Your goal:
Leave the images out. Give every line below again, precisely.

Raw data:
"""
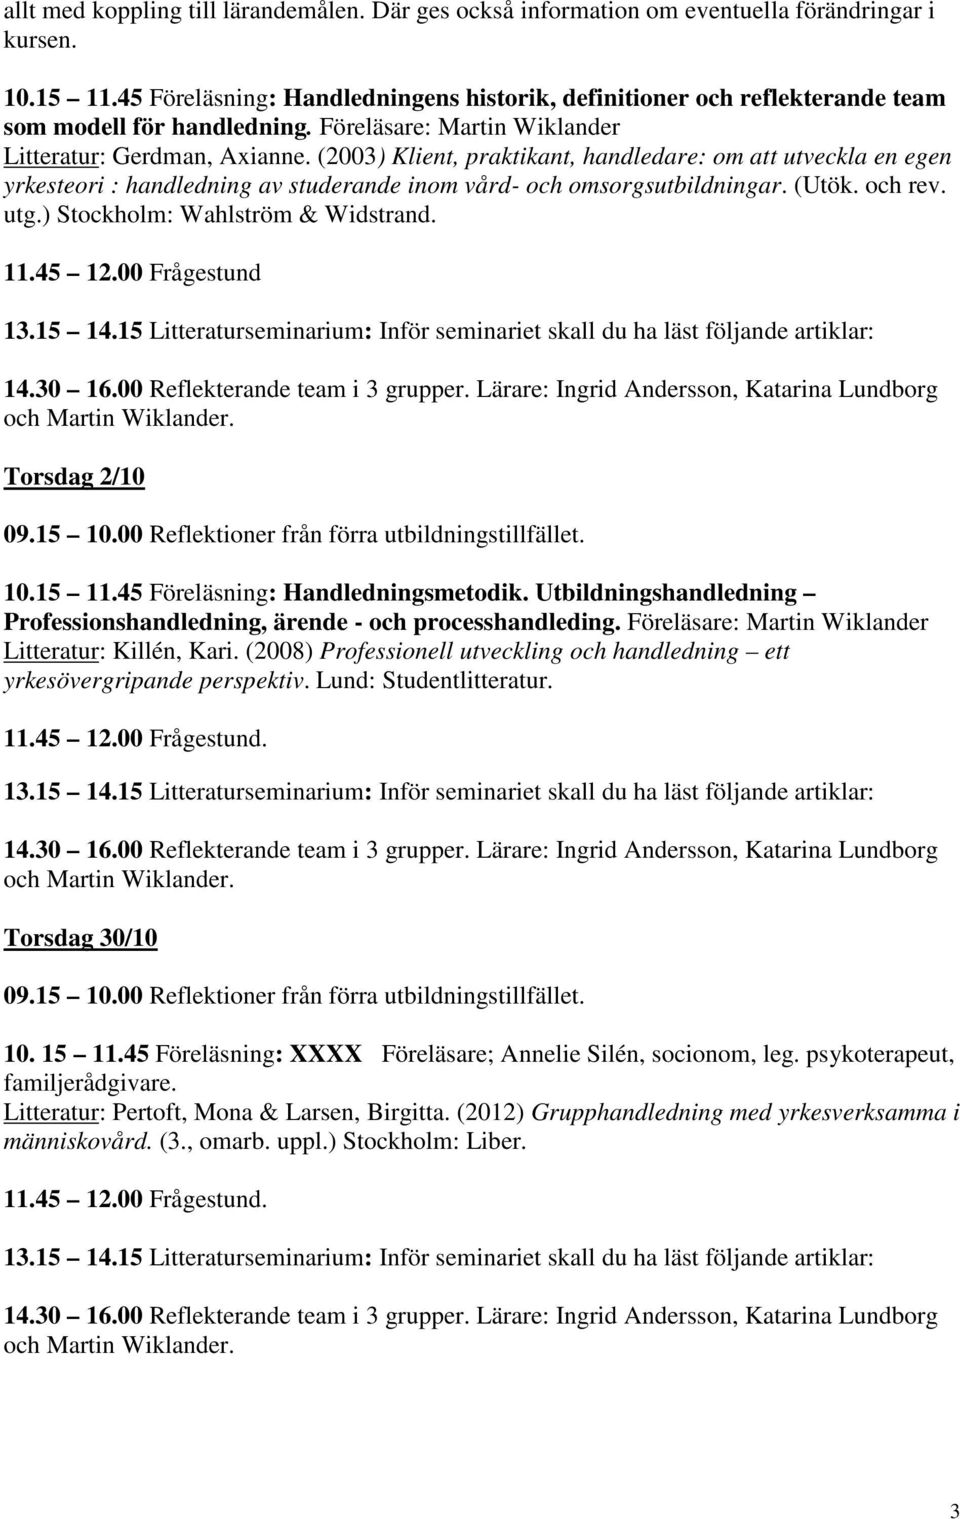 (2003) Klient, praktikant, handledare: om att utveckla en egen yrkesteori : handledning av studerande inom vård- och omsorgsutbildningar. (Utök. och rev. utg.) Stockholm: Wahlström & Widstrand. 11.
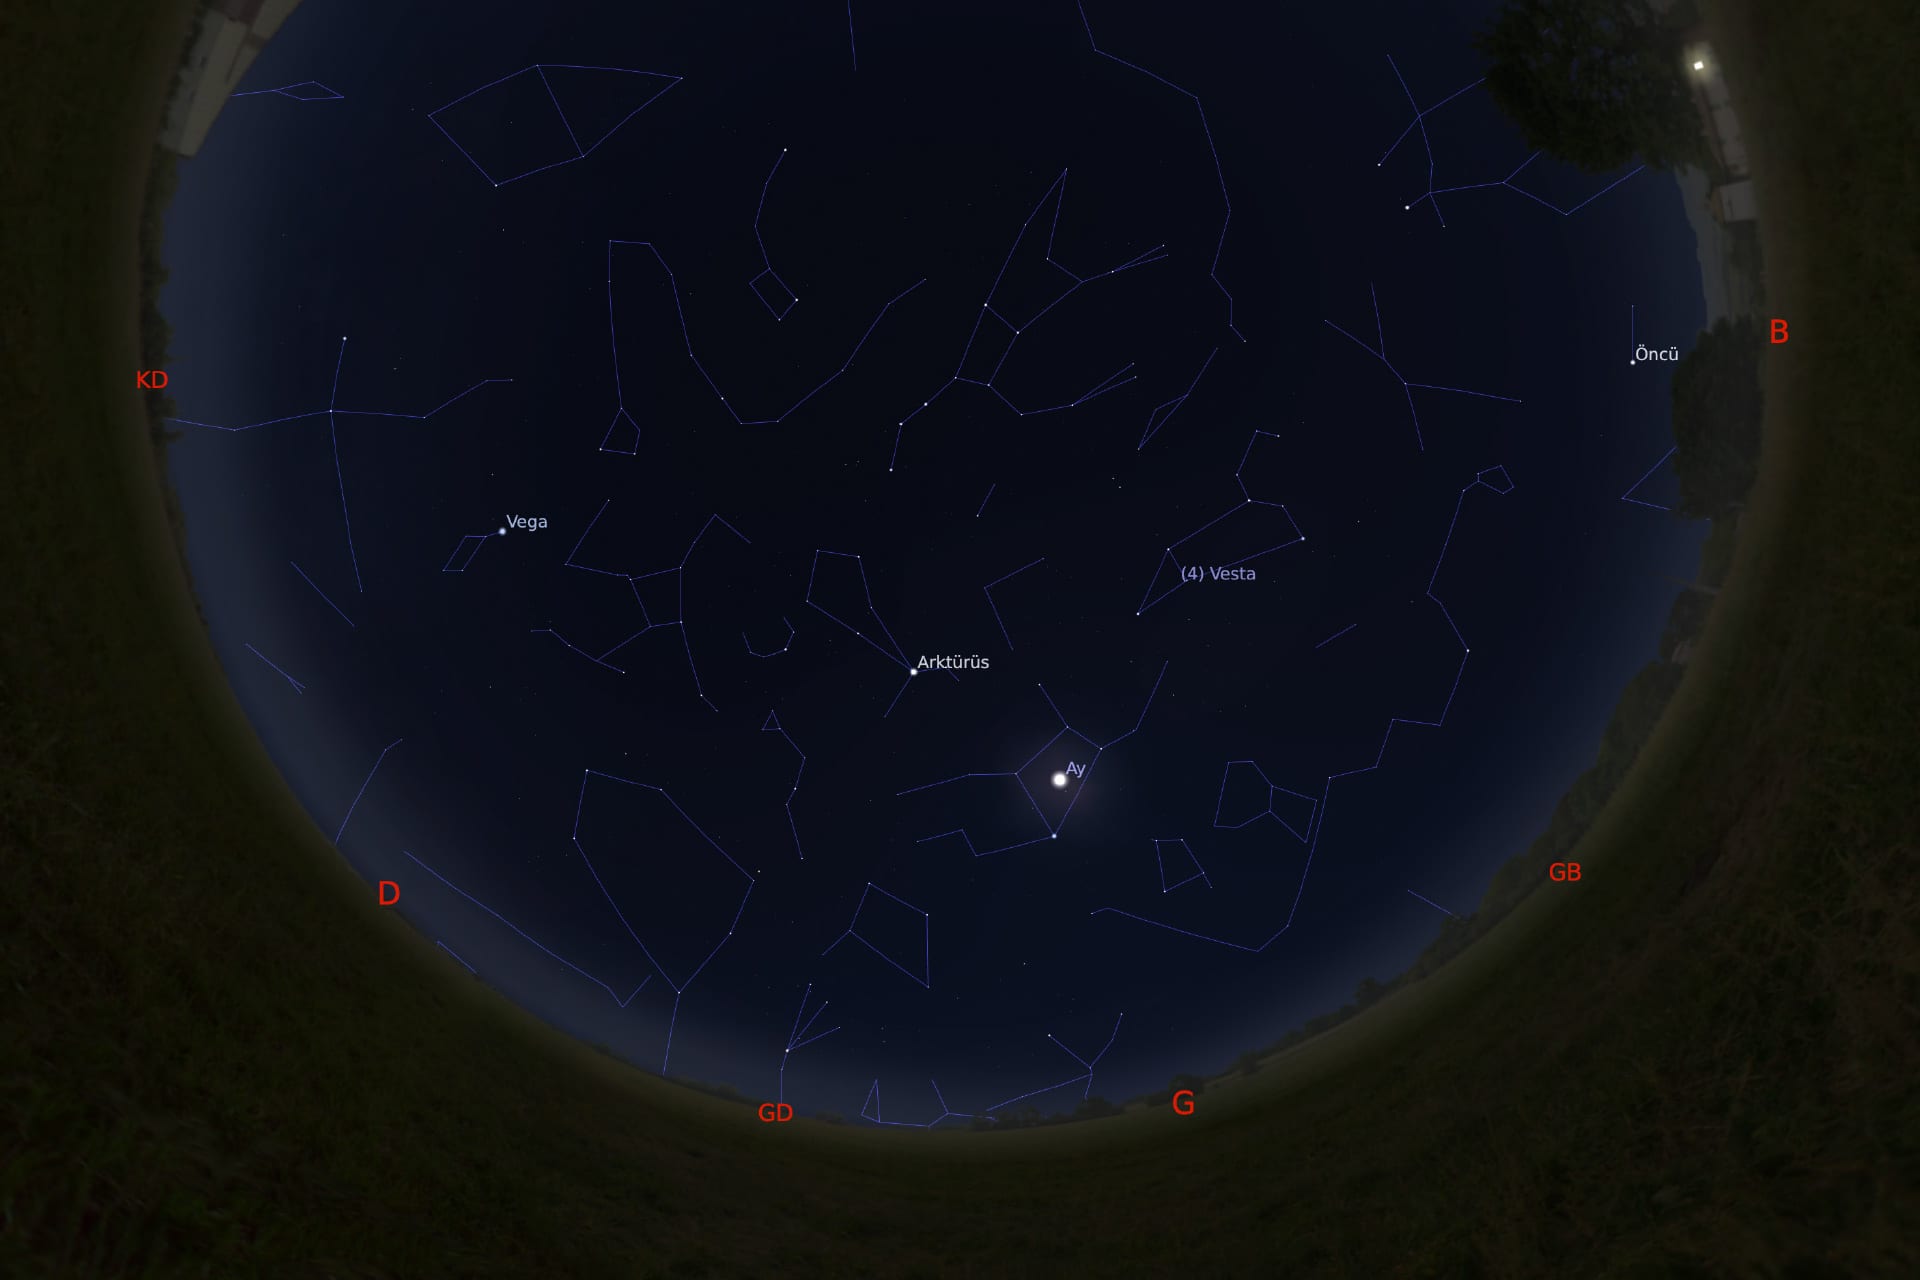 1 Mart 2021 - saat 03:30'daki gökyüzü görüntüsü
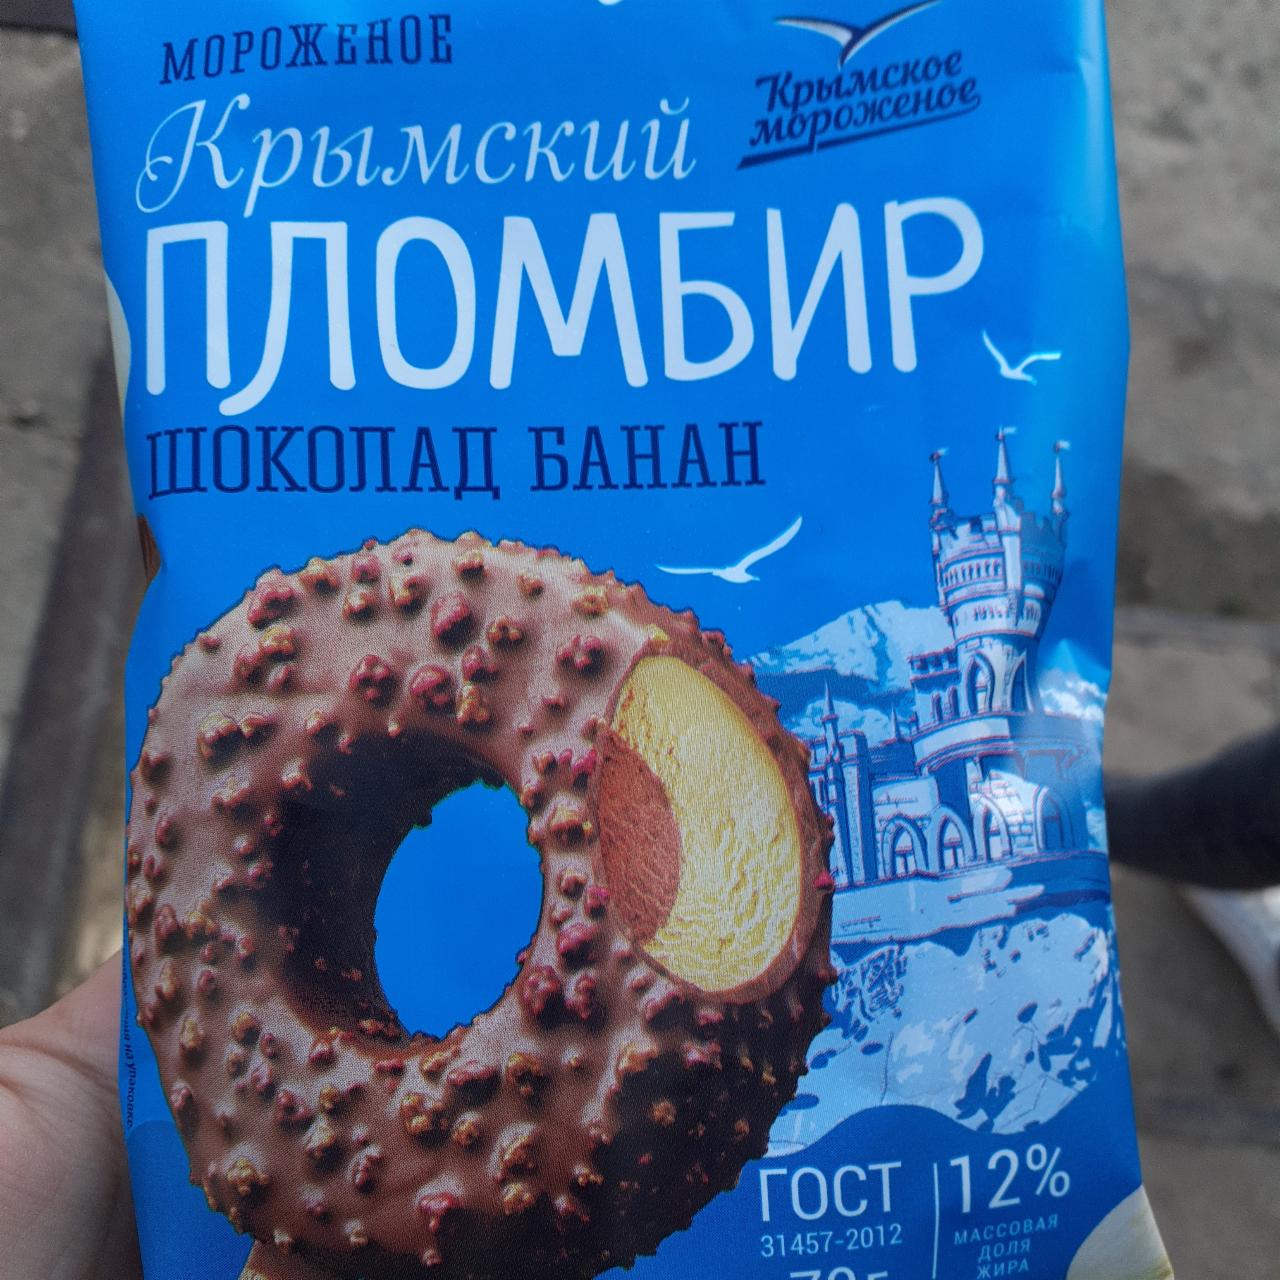 Фото - Мороженое Крымский пломбир шоколад банан Крымское мороженое
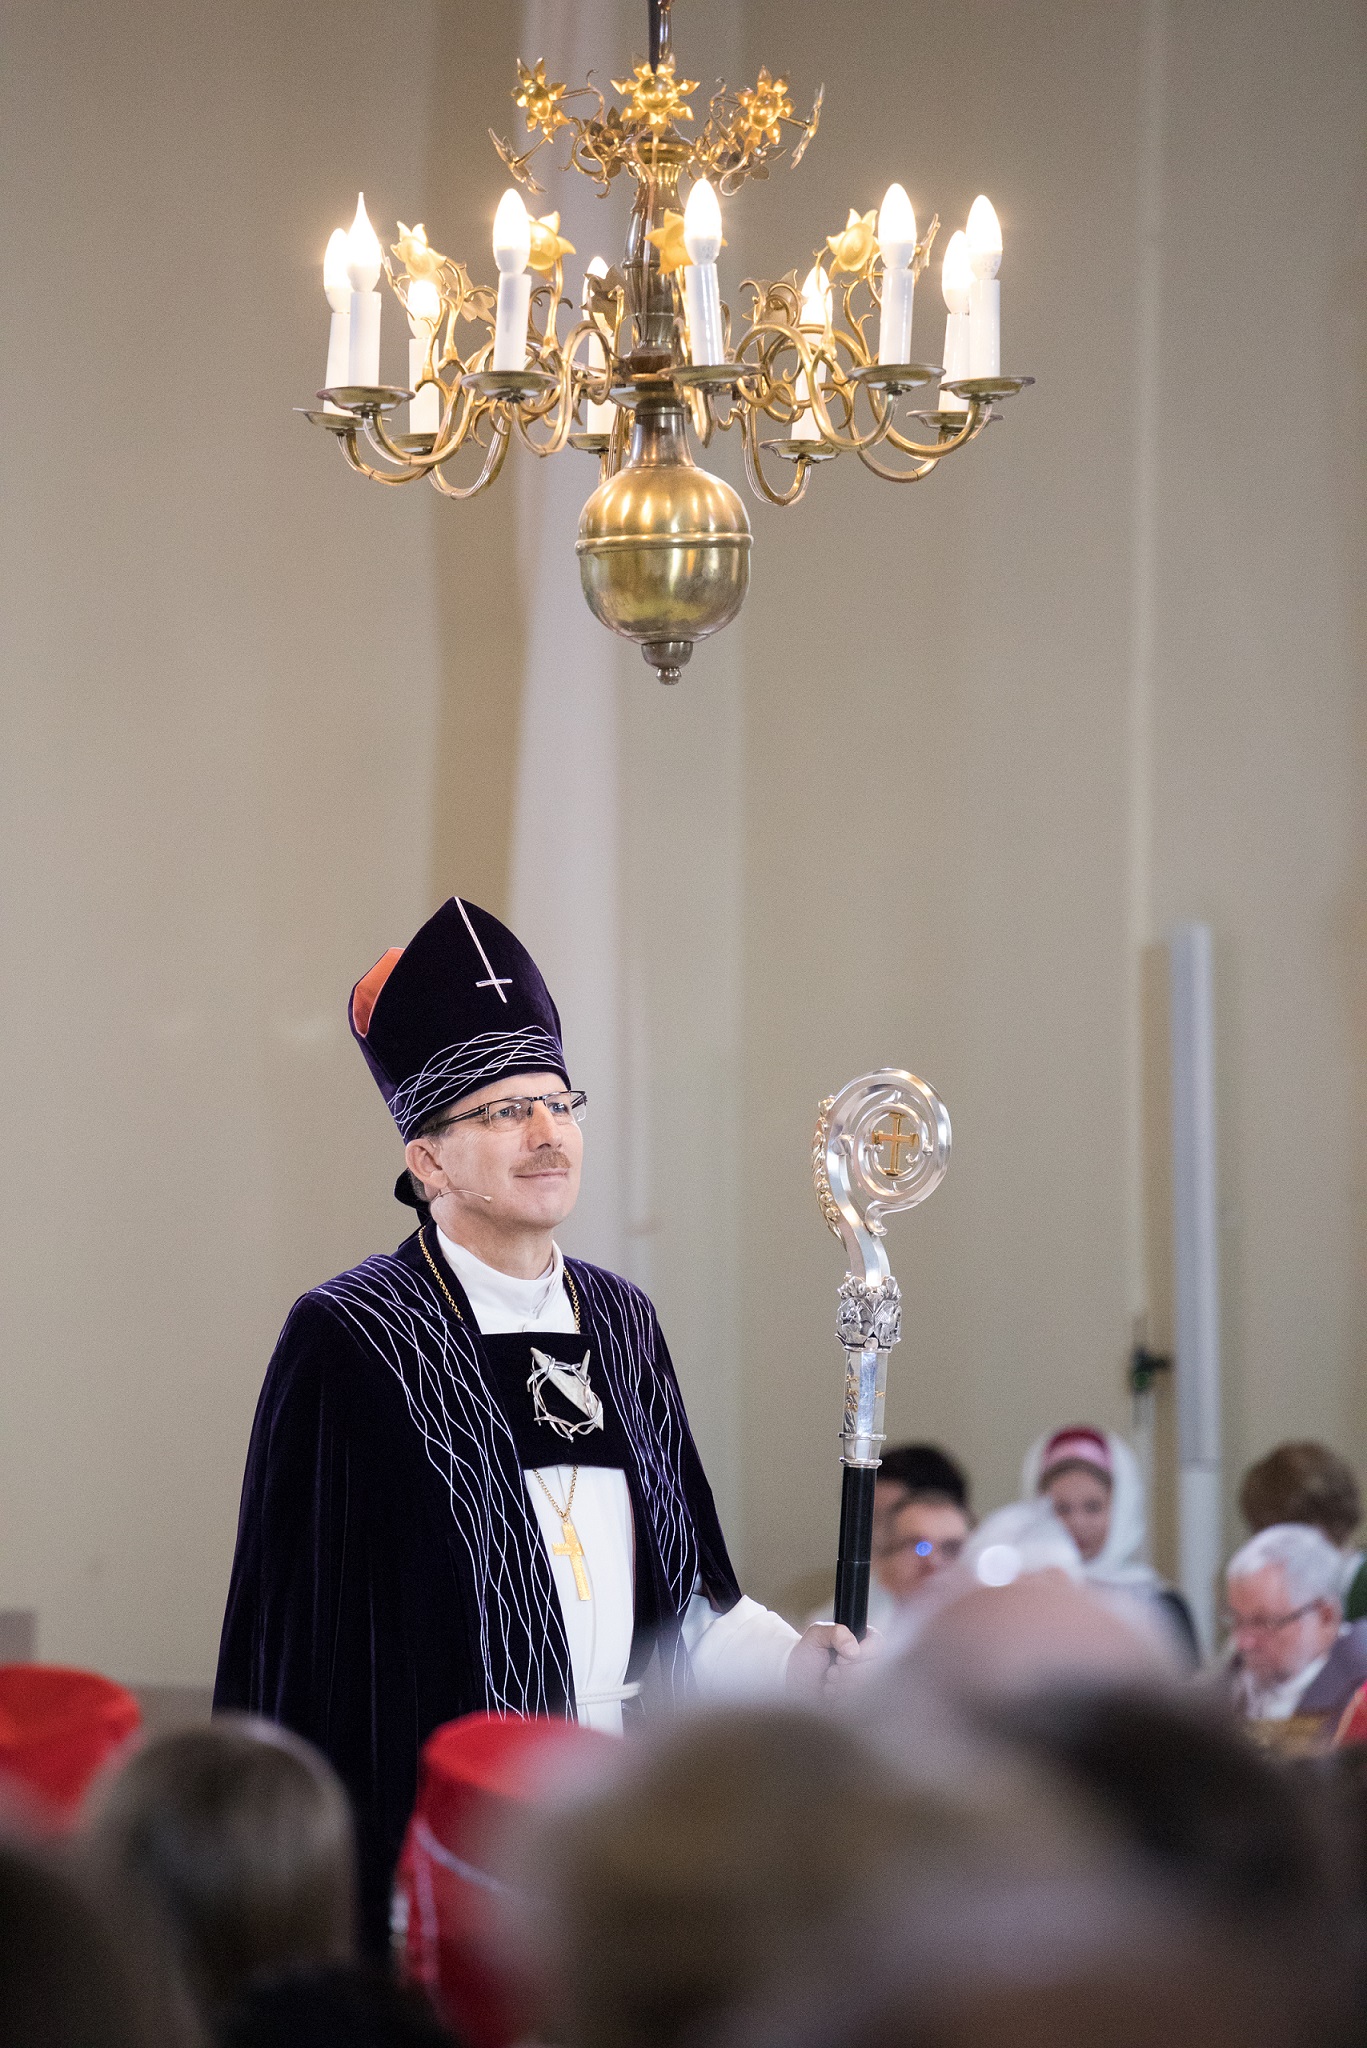 Piispa Jukka Keskitalo Oulun tuomiokirkossa. Kuva Sanna Krook.
"""
Written answer:
 (2003) Klient, praktikant, handledare: om att utveckla en egen yrkesteori : handledning av studerande inom vård- och omsorgsutbildningar. (Utök. och rev. utg.) Stockholm: Wahlström & Widstrand. 11.
 1 Mart 2021 - saat 03:30'daki gökyüzü görüntüsü
 Фото - Мороженое Крымский пломбир шоколад банан Крымское мороженое
 Piispa Jukka Keskitalo Oulun tuomiokirkossa. Kuva Sanna Krook.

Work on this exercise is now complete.